* **DIRECTIONS FOR THIS TASK**
No line before the one holding "Отслоение роговицы глаза" is to be copied; that line and all after it, through the end of the listing, are returned exactly, minus pictures.

* **DATA**

Content starts

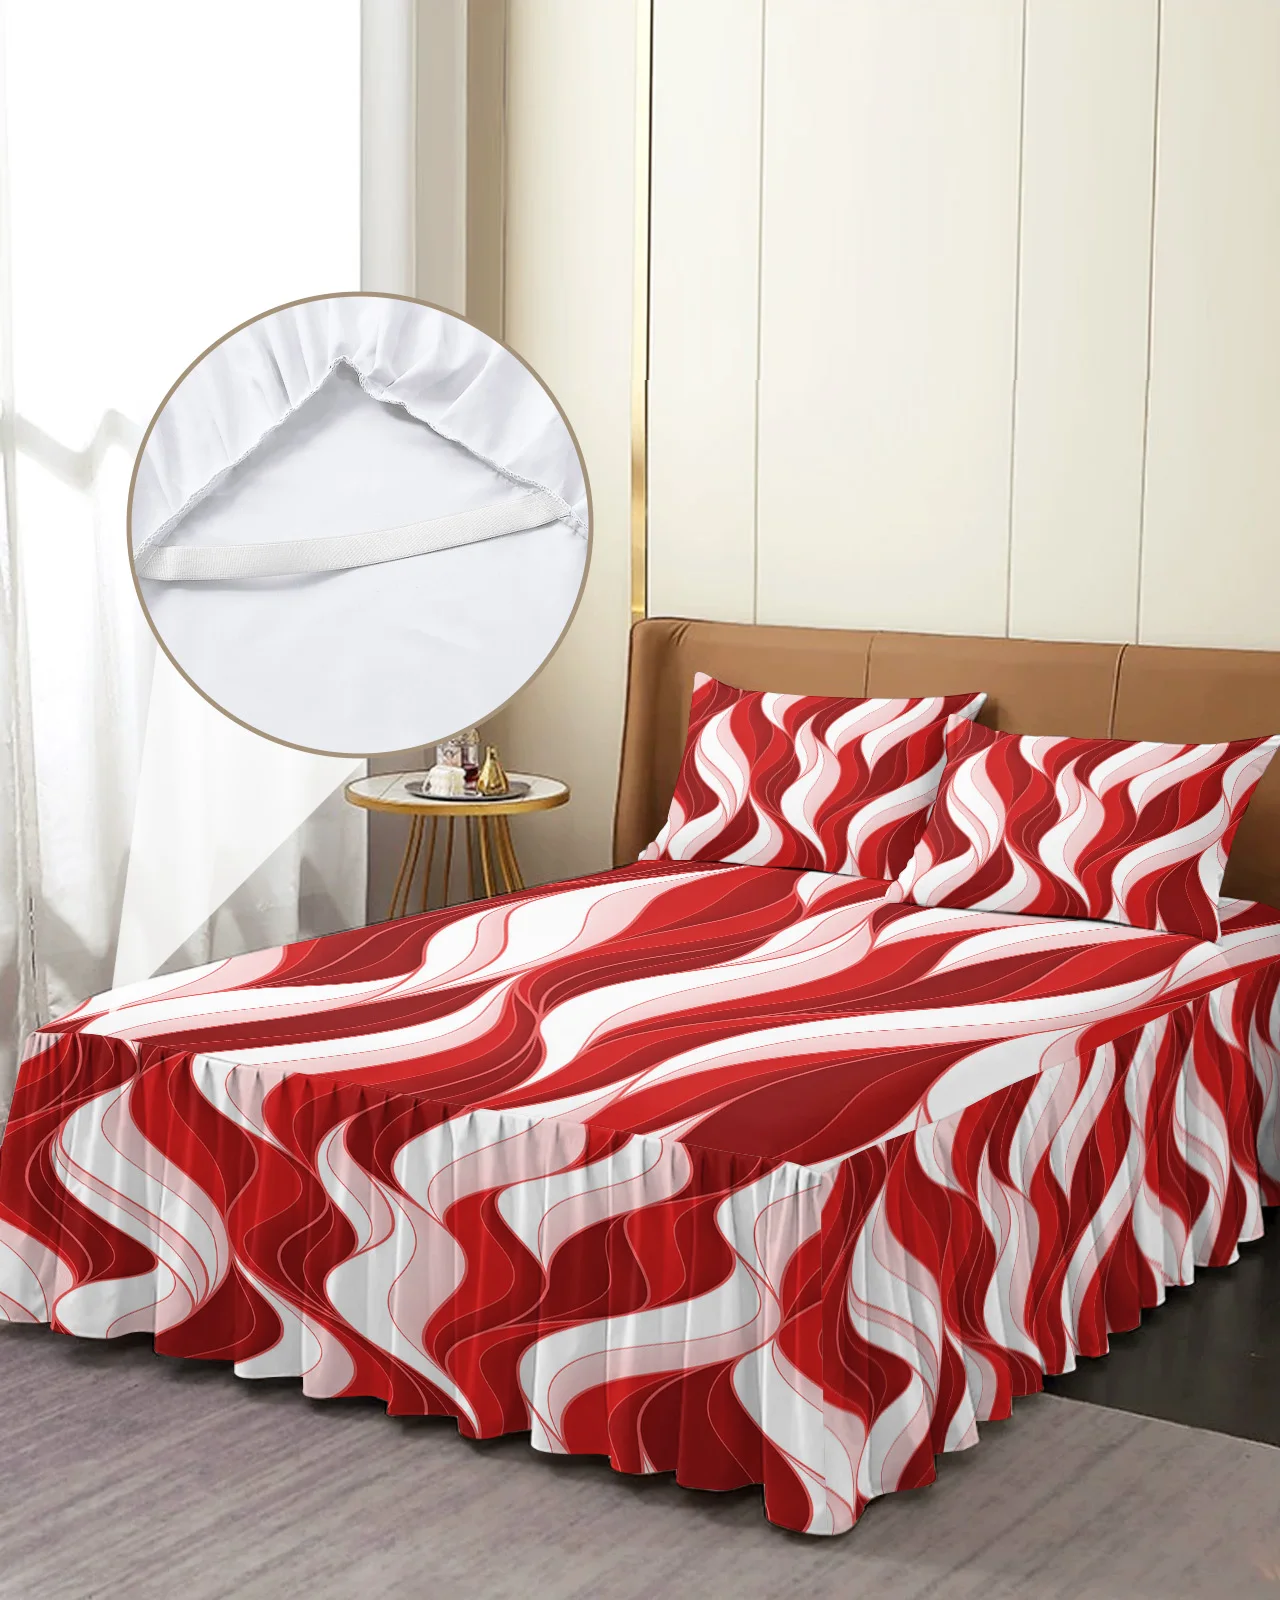 

Красная волна абстрактные линии постельная юбка эластичное постельное белье с наволочками протектор для кровати наматрасник Комплект постельного белья простыня
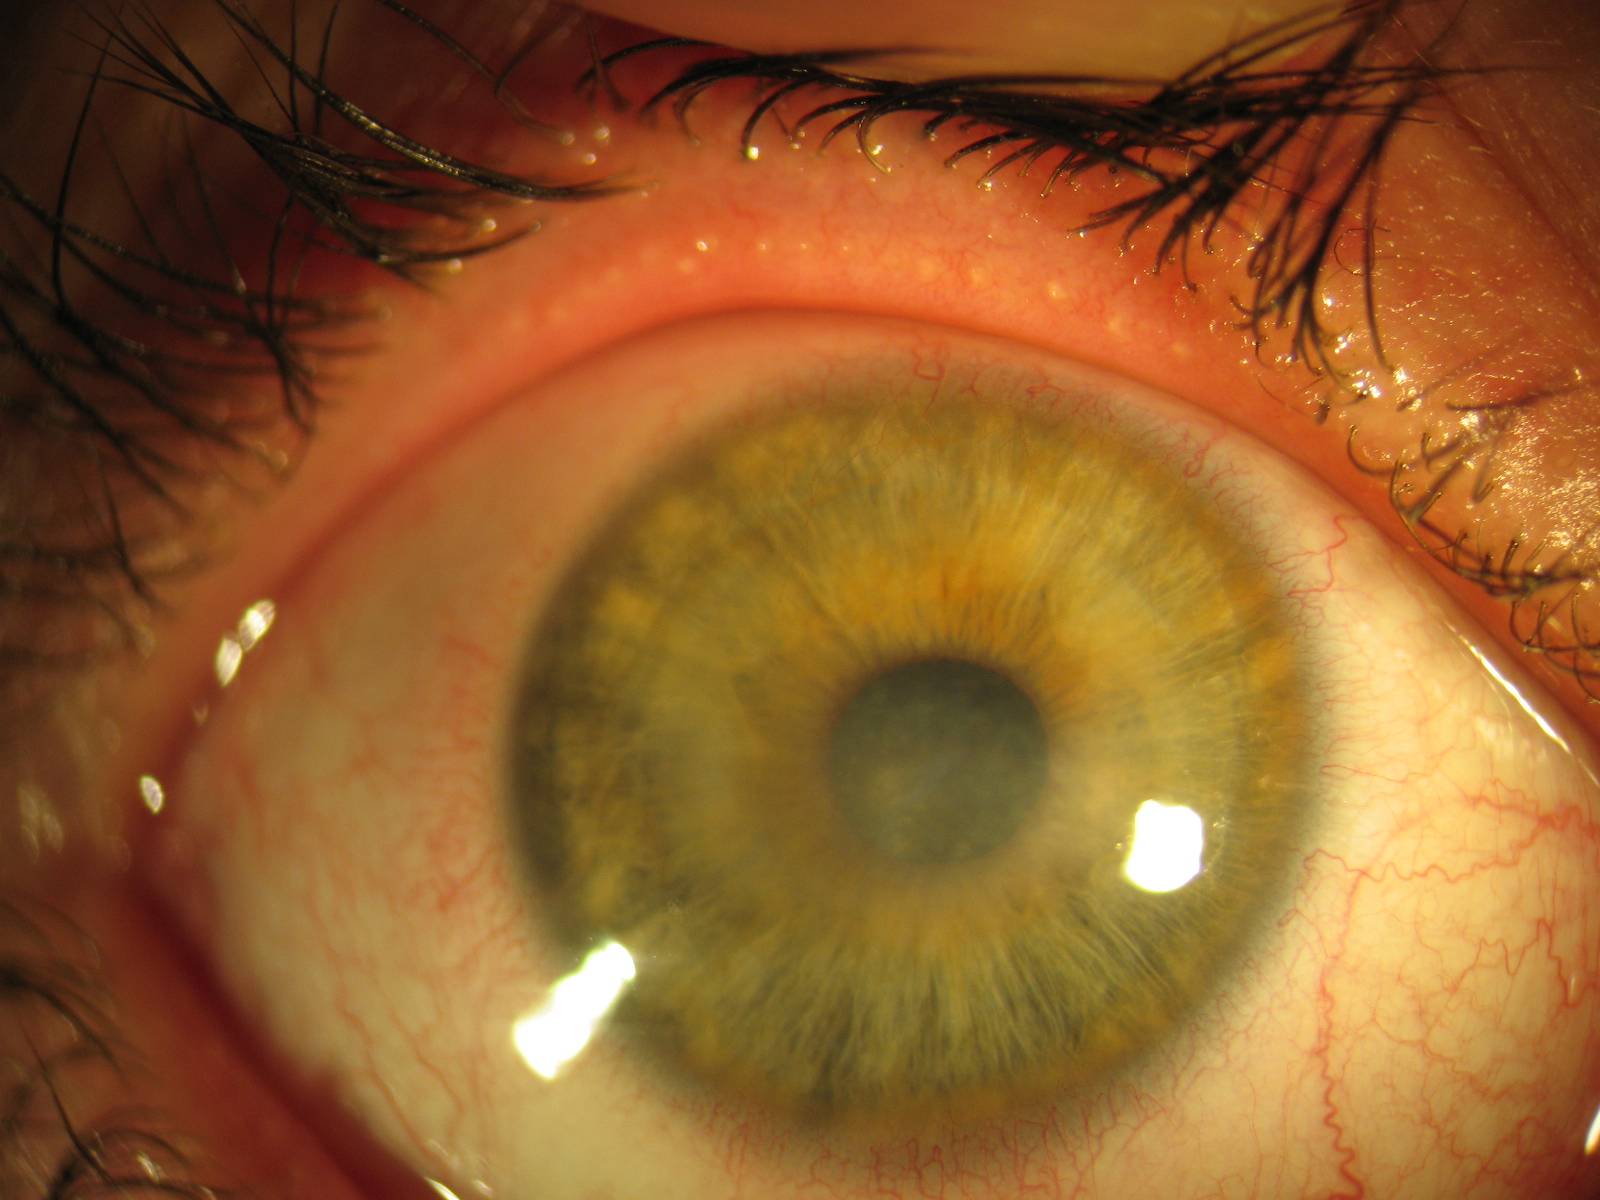 Отслоение роговицы глаза - симптомы, лечение, причины
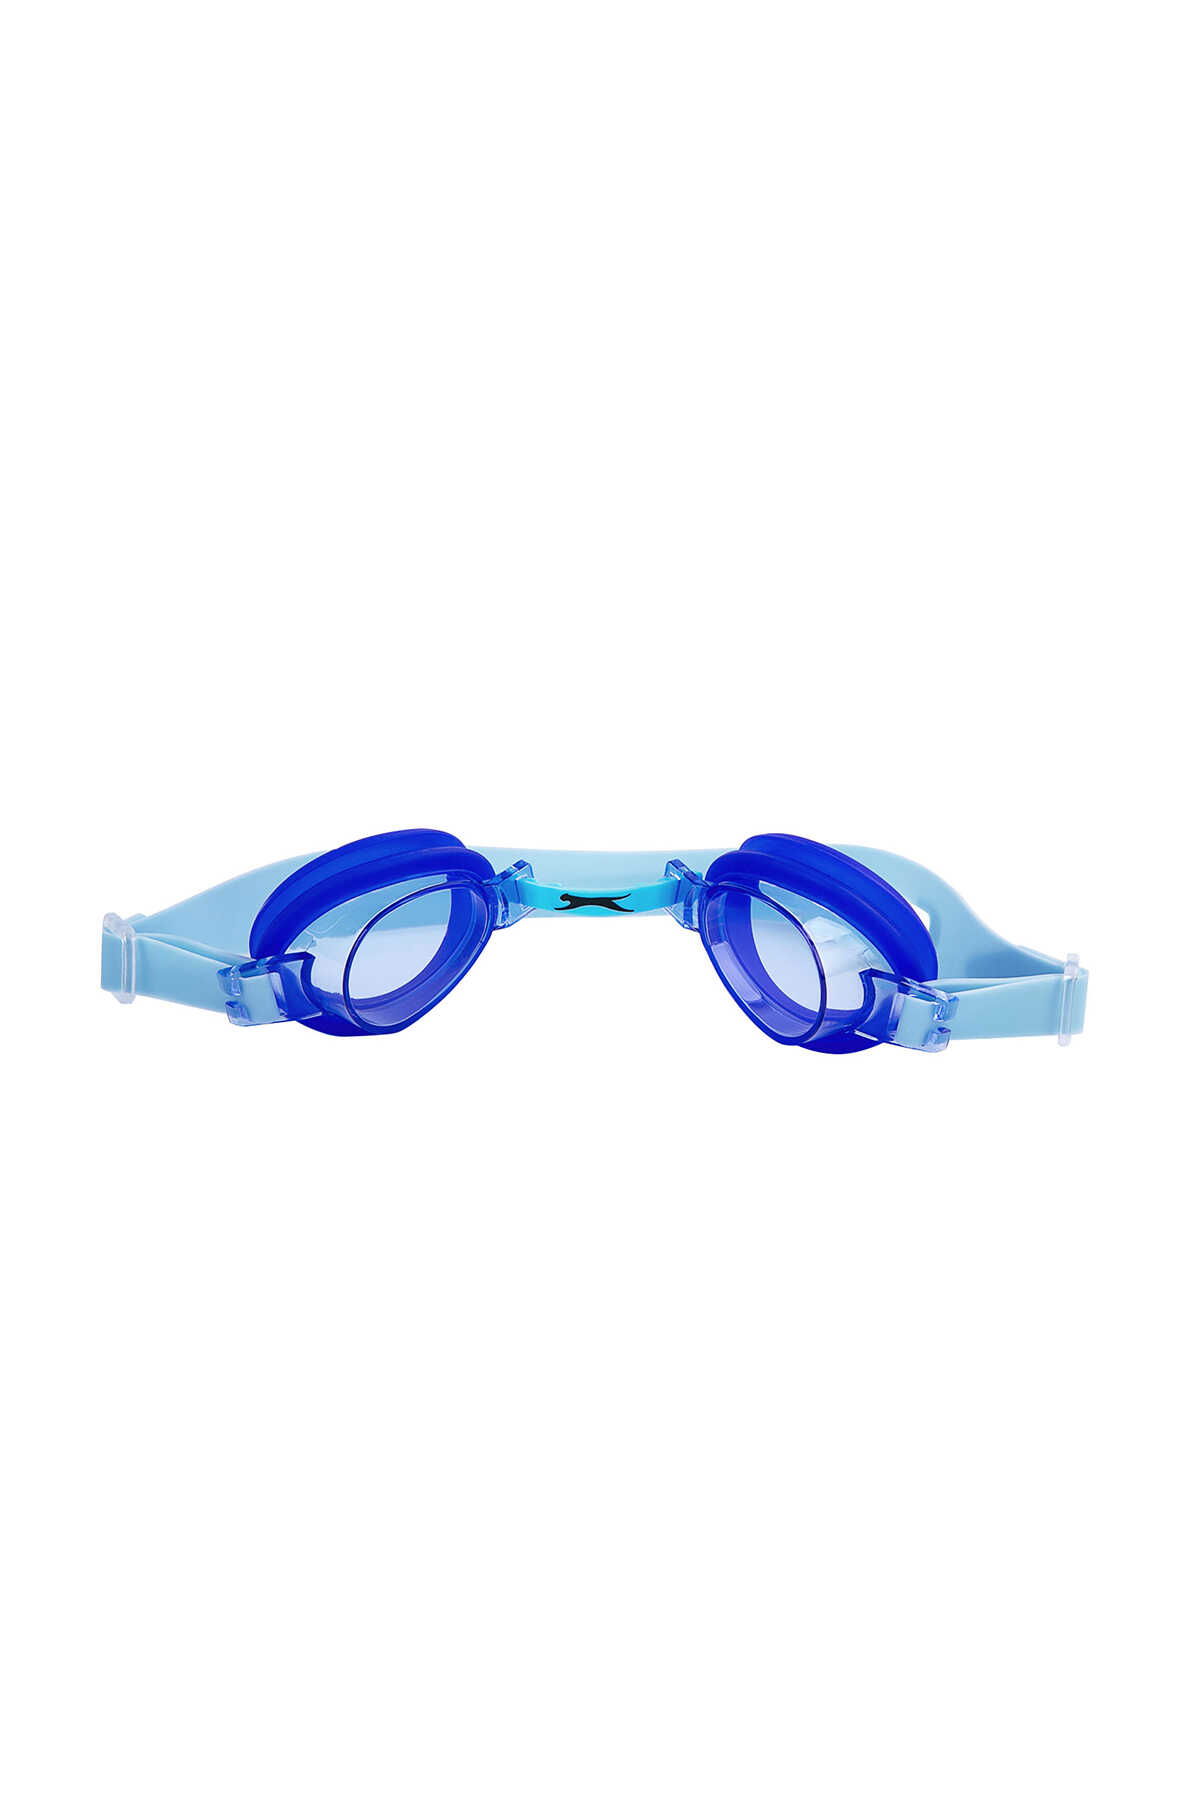 Slazenger - Slazenger Wave 2546 Unisex Çocuk Yüzücü Gözlüğü Mavi

Content ends

* **EXERCISE RESPONSE**
 Отслоение роговицы глаза - симптомы, лечение, причины
 Slazenger - Slazenger Wave 2546 Unisex Çocuk Yüzücü Gözlüğü Mavi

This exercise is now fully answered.